К нам подходят первые коровы, я застегиваю блузку и сажусь. Коров много, на дороге становится тесно. Они грузно ступают, неся тяжелое вымя, и таращатся на нас. Добрые буренки. Их рыжие спины текут, будто небольшая река. Господи, есть же еще такое старомодное существо, как корова, скоро, наверное, выведут огромную корову с сотней сосков, и будет в каждом хлеву стоять по одной корове, и Хеннингу уже не нужно будет ходить за ними на выгон. Неужели в самом деле есть какой-то смысл в том, чтобы все рухнуло в преисподнюю? Чтобы люди пожали то, что посеяли? Но только ведь никто не признается в том, что сеял. Никто. Все будут винить других. И даже если сильные мира сего договорятся, все равно бомбы ждут своего часа и какая-нибудь может взорваться, или произойдет то, что случилось на Украине, — а потом все только руками разводят: мы-то считали, что все это совершенно безопасно. Кто бы мог подумать, что так случится, во всем виноват какой-то болван. У нас есть расчеты и выкладки лучших экспертов мира, разумеется, мы им верили! Только вот будет ли у них возможность рассказать обо всем, во что они верили? Они, как упрямая старуха из сказки, утонувшая из-за своего упрямства, до последнего вздоха будут объяснять, что все казалось таким надежным, и размахивать расчетами, которые должны были всем гарантировать безопасность.

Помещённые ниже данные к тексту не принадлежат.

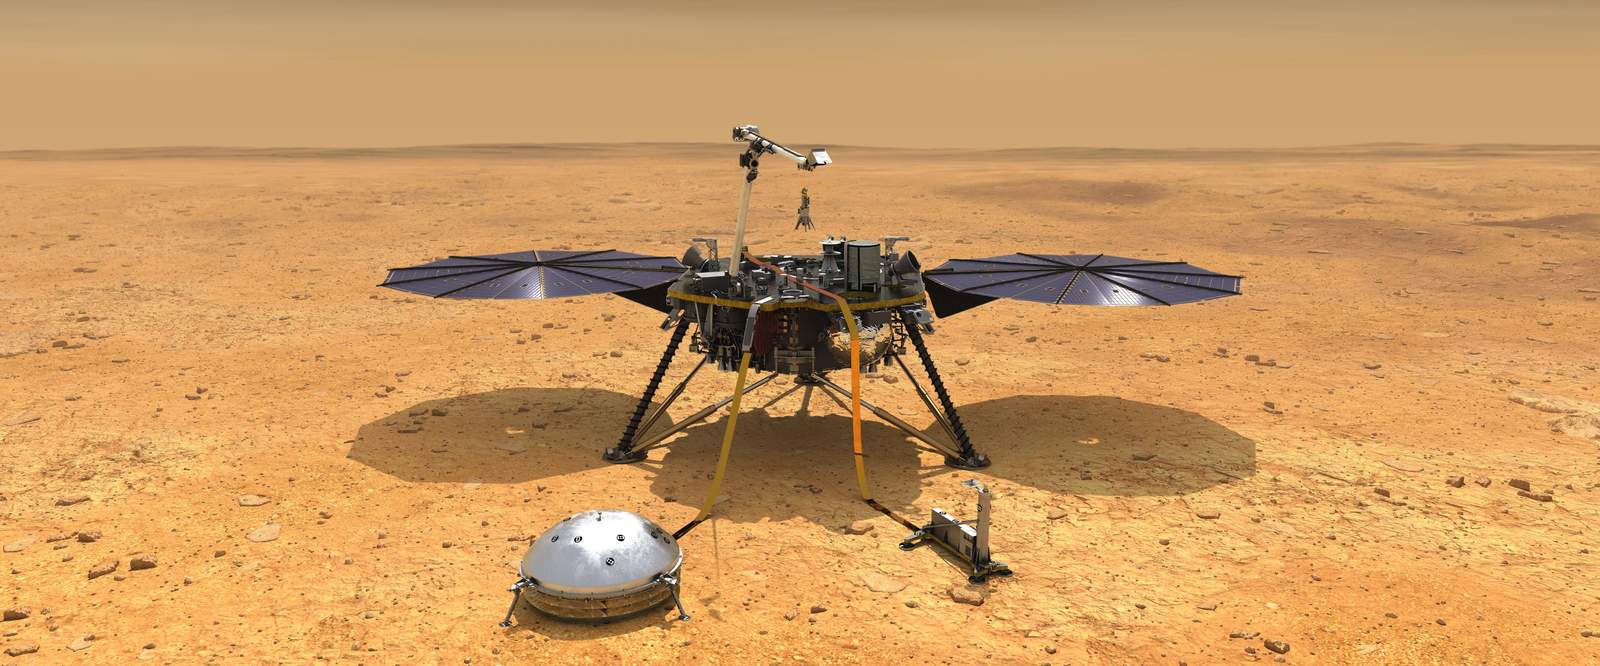 El modulo espacial InSight quiere estudiar específicamente el interior de Marte. (ARCHIVO)

— Вот видишь. — говорит Дорис, — нам только и останется, что головой качать да сокрушаться: ну, что я тебе говорила? Но так или иначе, а на ужин у нас будут свиные отбивные, я их уже вынула из морозилки.

За коровами на велосипедах медленно едут мужчины, собаки, виляя хвостами, подбегают к нам, они так похожи, что я не знаю, которая из них Дорис, а которая Улла, но они недолго виляют хвостами — Хеннинг окриком возвращает их к коровам. Мы встаем — на том месте, где мы лежали, трава примята, я лежала на колокольчике. Он сломан, и я беру его с собой. Мы идем по песчаной дороге, пахнет коровами, песок изрыт их копытами. Стуре остается с Хеннингом в хлеву, где мычат коровы, а висящее там радио передает о требованиях увеличить заработную плату, об отсутствии гарантий и нищенском уровне жизни. Мы с Дорис идем в дом, в ногах у нас крутятся Дорис и Улла, сейчас мы будем готовить ужин.